Troyes sans public mais pas sans idées
Dès l’entrée sur le site de Troyes, situé au sein du complexe sportif, il n’y a qu’un groupe de bénévoles, reconnaissables à leur tenue rouge et leur bonnet cousu aux couleurs de l’événement, qui traîne aux abords de la ligne. Quelques coureurs ne manquent pas de prendre leurs derniers repères avant que les Juniors n’ouvrent le bal. Alternant avec des allers-retours au parking, tout au fond du circuit, presque à l’écart. La voix du speaker Jean-Michel Quéré vient interrompre la musique par moment, censée réchauffer l’atmosphère grisâtre alors que le thermomètre dépasse péniblement les 1°C. Le long des barrières en filet, Geoffrey Corniau, membre de l’équipe d’organisation, effectue les derniers réglages. Dans une saison de cyclo-cross où la France a toutes les peines à proposer des courses, Troyes a montré la voie.
"Ça a été compliqué dès le début. Dès le mois de mars, on pensait déjà à notre course de janvier. On comptait les mois qui défilaient. Surtout à partir des mesures en octobre. Mais on est une bande de huit jeunes dirigeants, on a été coureurs, on a toujours eu cette lumière pour organiser", admet Geoffrey Corniau. Une décision pour les coureurs, qui ont largement répondu présent à l’appel de l’Aube. "On pense à eux qui n’ont pas de courses l’hiver. C’était possible avec des concessions comme le huis clos. Se priver de 5000 personnes, ce n’est pas rien. Baisser les bras aurait été la facilité". Une fois soulagé, après que tout se soit passé correctement, l’organisation se réjouit du respect des règles. "Honnêtement, n’importe qui qui voulait rentrer aurait pu. On ne pouvait pas mettre de postes partout, mais je constate qu’il n’y avait pas de non-accrédités sur le circuit".
UN SYSTÈME DE BULLES
Qui dit absence de public, dit absence de recettes, notamment en buvette, populaire dans l’univers du cyclo-cross. "Il y a une recette qui est moins importante. Mais on fait des concessions ailleurs pour limiter nos dépenses. Peut-être qu’on mettra plus de choses en place l’année prochaine, qu’on n’a pas pu faire cette année". Quant à l’aspect sportif, l’organisation décompte 450 personnes dans la bulle, environ 100 à 150 pour les bénévoles, et une trentaine de médias. Avec chacune un espace dédié. De plus, les catégories des épreuves sont séparées, de manière à ce que les coureurs ne se mélangent pas. "Chacun ne peut accéder au circuit que pour son épreuve et son entrainement", détaille Geoffrey Corniau. Une décision prise après avoir envisagé tous les protocoles possibles avec la préfecture, début décembre.
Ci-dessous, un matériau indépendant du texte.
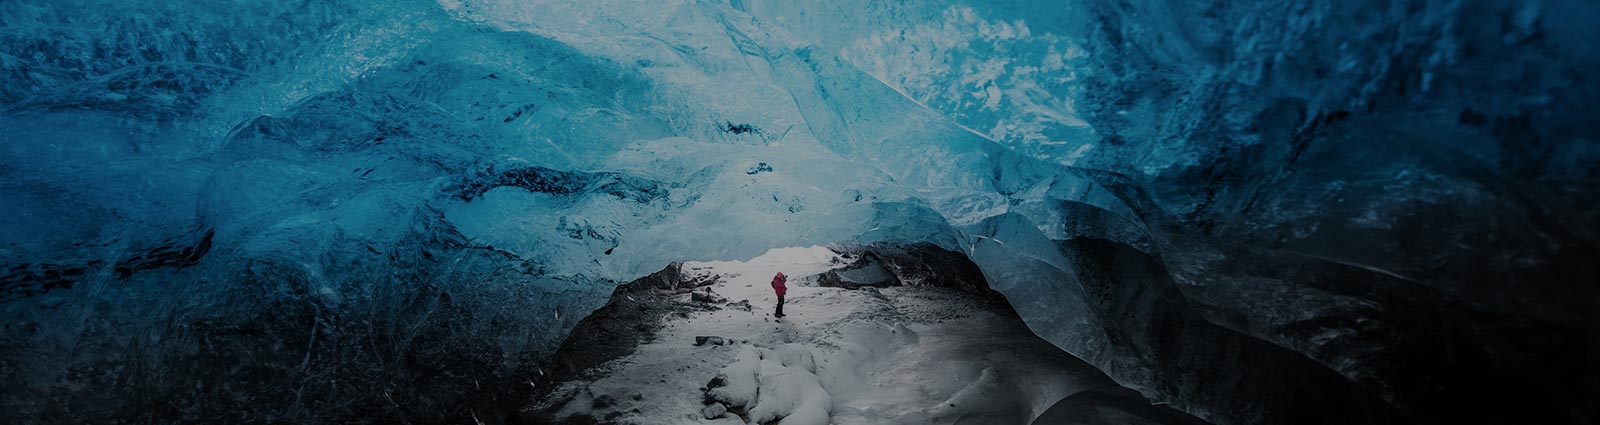 Man traveler exploring ice cave in Vatnajokull glacier, Iceland.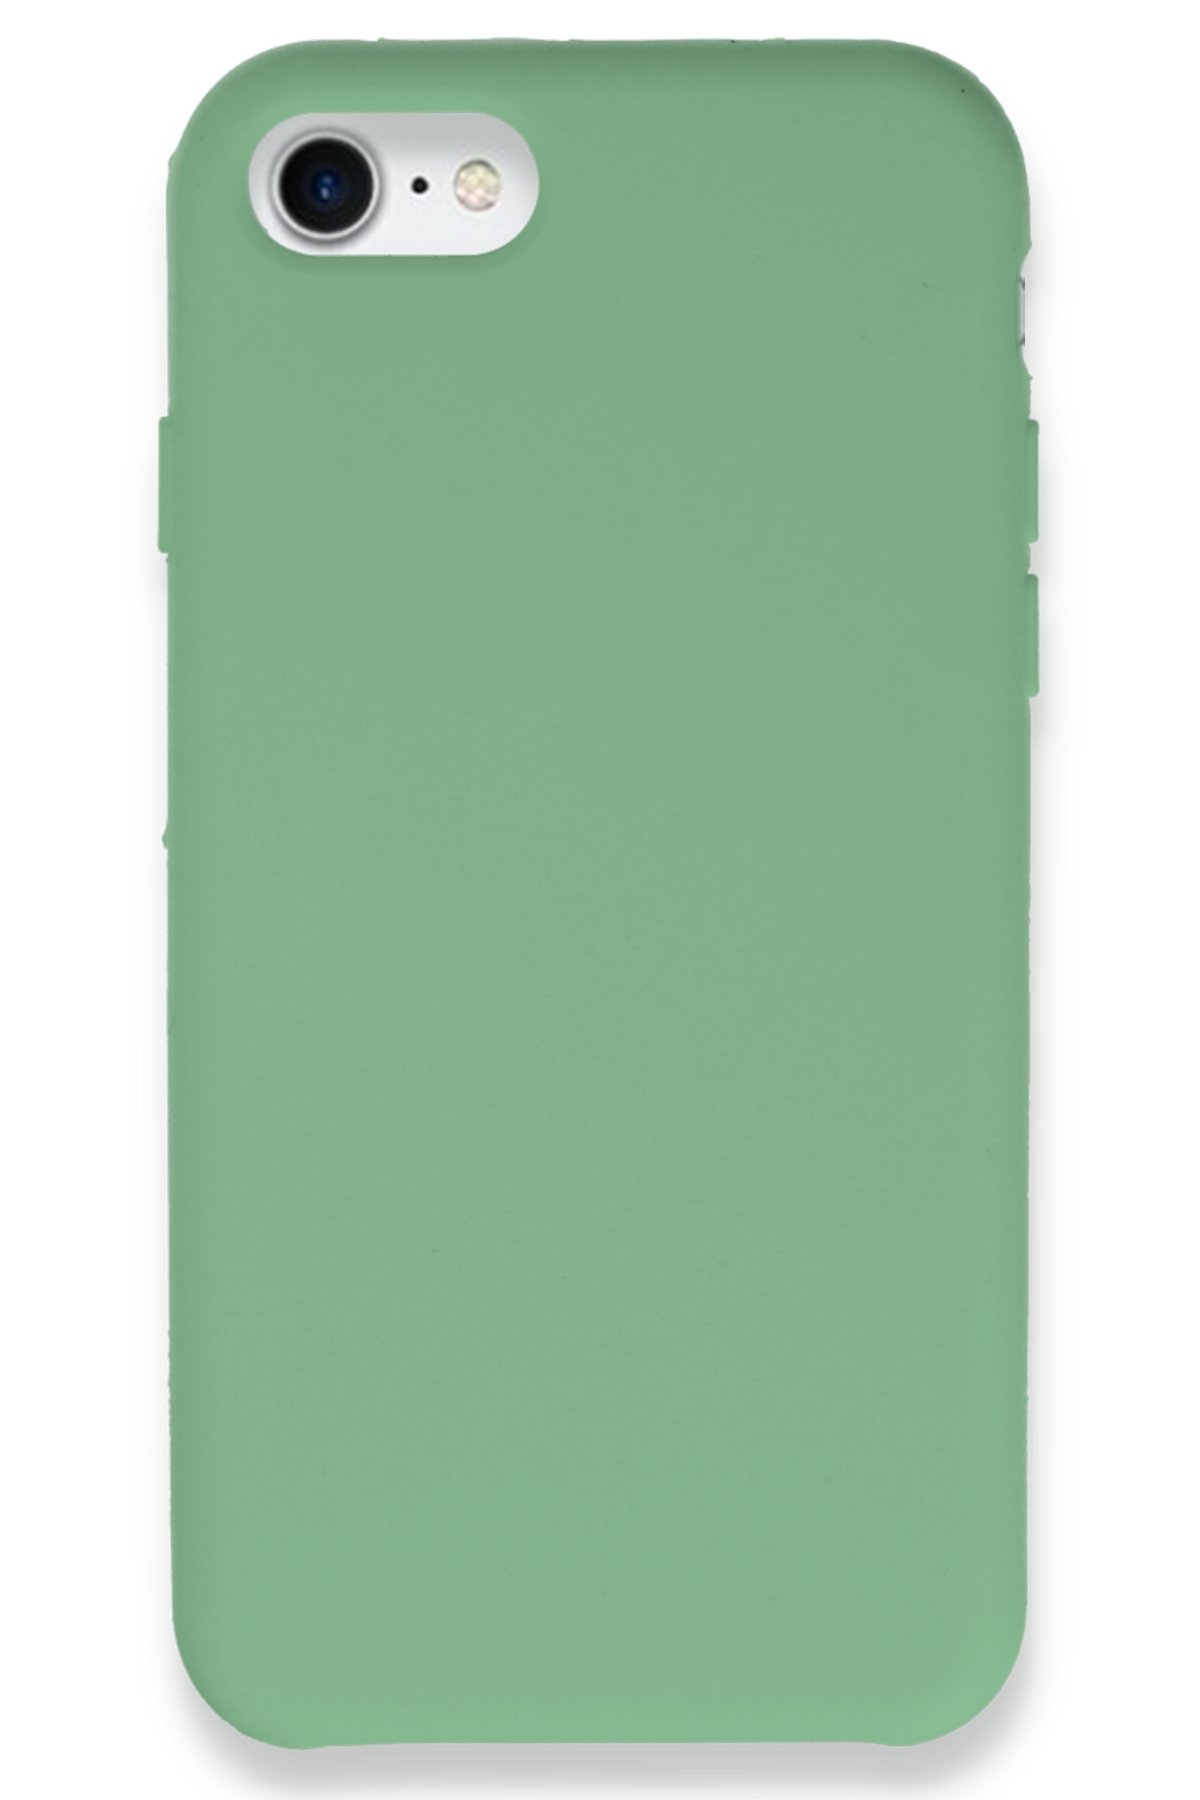 Newface iPhone SE 2020 Kılıf Zuma Kartvizitli Yüzüklü Silikon - Yeşil

À la suite des mesures du dernier confinement, les coureurs sont donc catégorisés entre prioritaires et non-prioritaires. Les premiers cités étant ceux de haut-niveau. Pour organiser, ils doivent représenter 50% de l’épreuve. Pas de problème pour Troyes. "On a 55 prioritaires sur 95 engagés chez les Elites hommes. Chez les Femmes et Juniors c’est plus compliqué à définir, mais ils sont considérés comme athlète de haut-niveau. Grosso modo, on est tout juste à 50% pour ces deux catégories". Et cela a facilité le travail de l’organisation, qui s’est évitée des problèmes de sélection. "J’avais peur de devoir faire une sélection. Si on n’avait pas eu le choix, on l’aurait faite, mais on est rassuré là-dessus, c’était une vraie angoisse. Un 3e catégorie bon en cross peut battre un 1re catégorie route moins à l’aise… c’est compliqué".
EN ATTENDANT LA SUITE…
Ainsi, il n’a jamais été non plus question de passer les Juniors à la trappe, par exemple. Une catégorie qui souffre particulièrement des mesures. "La préfecture nous a demandé de supprimer les épreuves fédérales comme les Cadets, école de cyclisme, etc. Mais les Juniors, il n’y avait aucun problème avec la jauge et si on a le compte de haut-niveau. On ne pouvait pas leur demander de ne pas venir". À une semaine de Pontchâteau, Troyes admet "ne pas avoir maintenu la course pour le Championnat de France, mais pour que les coureurs aient des courses, malgré l'aspect répétition générale". Et après quatre éditions désormais, pourquoi ne pas prétendre à encore plus, après être passé de C2 à C1 cette année. "On ne veut pas de one-shot, on veut rester une grosse course qui de temps en temps prétend à une Coupe de France ou du Monde". Son pari de 2021 est déjà gagné. Et alors que les camions désertent un à un le site plongé dans la nuit, la lumière des phares laisse deviner des sourires sur les visages masqués. Troyes a réussi son coup.